In the short time I have been at PRA, I have been shocked by all that I did not know about mental health. I had no knowledge of the recovery movement, the terminology and culture that surrounds the mental health community, or the choices individuals have within the continuum of care. I may be living with mental illness, but I was never taught to examine and understand mental illness. For the first time in my life, I feel like I am equipped to talk about his illness with others in a respectful yet truthful way. For years, I never talked about my father with friends, because I did not know what to say; it was easier to just omit him from the conversation. At PRA, I am confronted daily with a new piece of information that shifts how I think about him and our relationship. I’m now starting to realize why I act the way I do, why he acts the way he does, why our relationship is what it is, and it is staggeringly enlightening. It is exciting, yet overwhelming at the same time – I have never thought about him or our relationship in so much depth for such a prolonged period.
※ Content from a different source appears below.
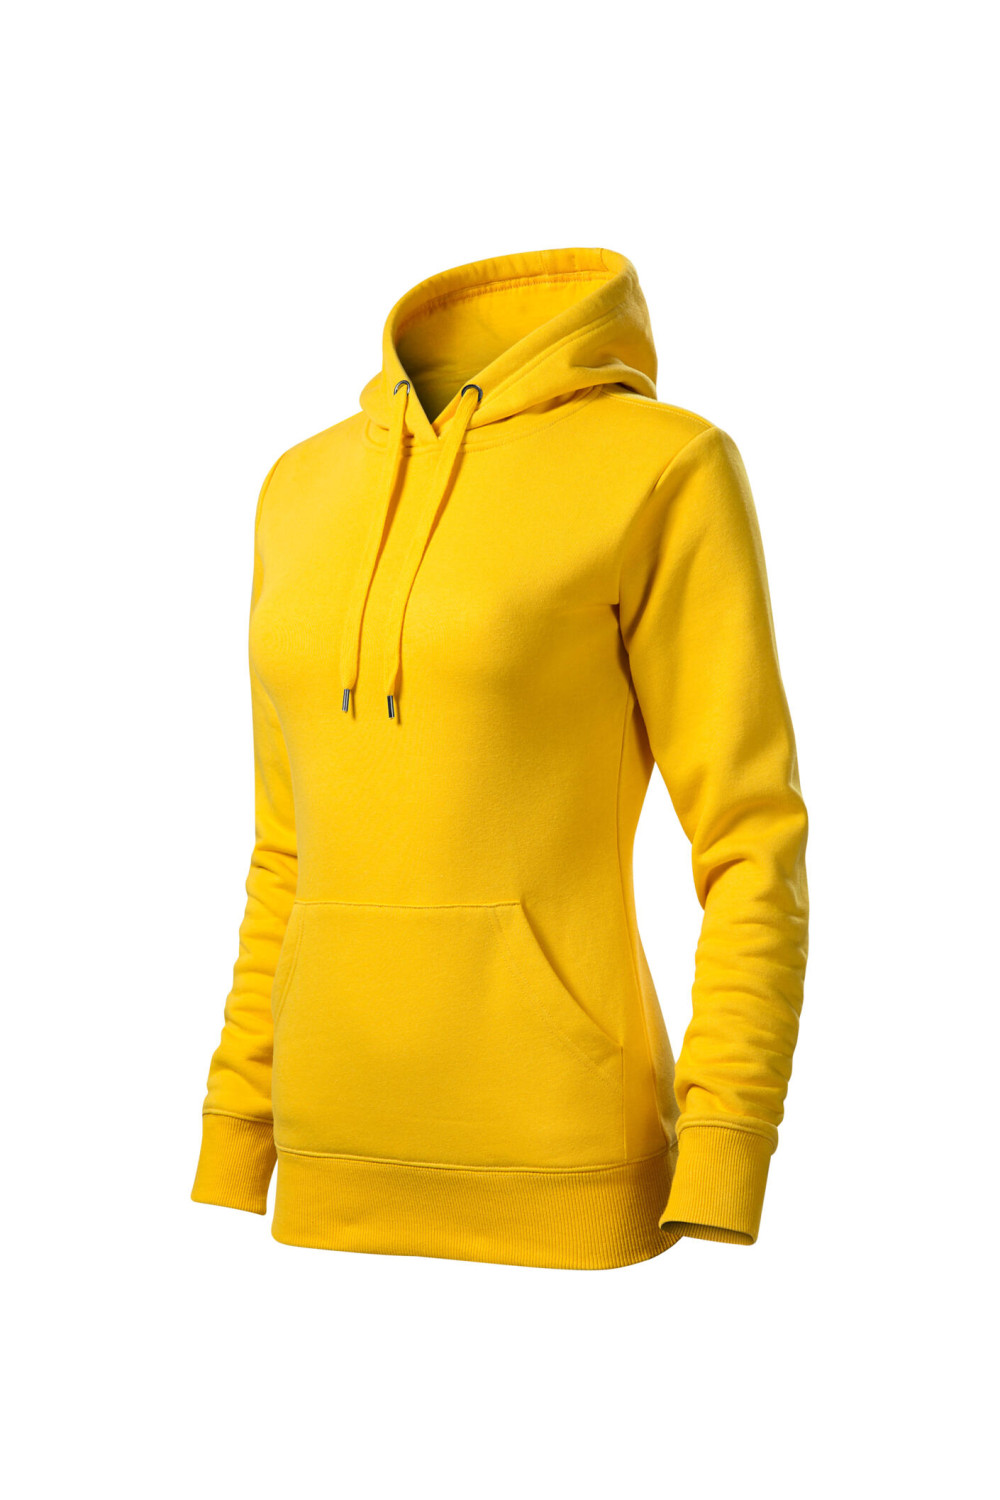 CAPE 414 MALFINI ADLER Bluza sportowa damska z kapturem, bluza kangurka żółty

Truthfully, I do not think that my father and I will ever have the close relationship I used to dream about. Instead, I have readjusted my expectations to a more realistic view of our relationship’s capacity, which is healthier for both of us. I know I will never fully understand him or his illness, but I will continue to work on adjusting my reactions to his behavior and be more open about father with others. My experiences with him have shaped me to be the person that I am today, and I am glad that I can now acknowledge that.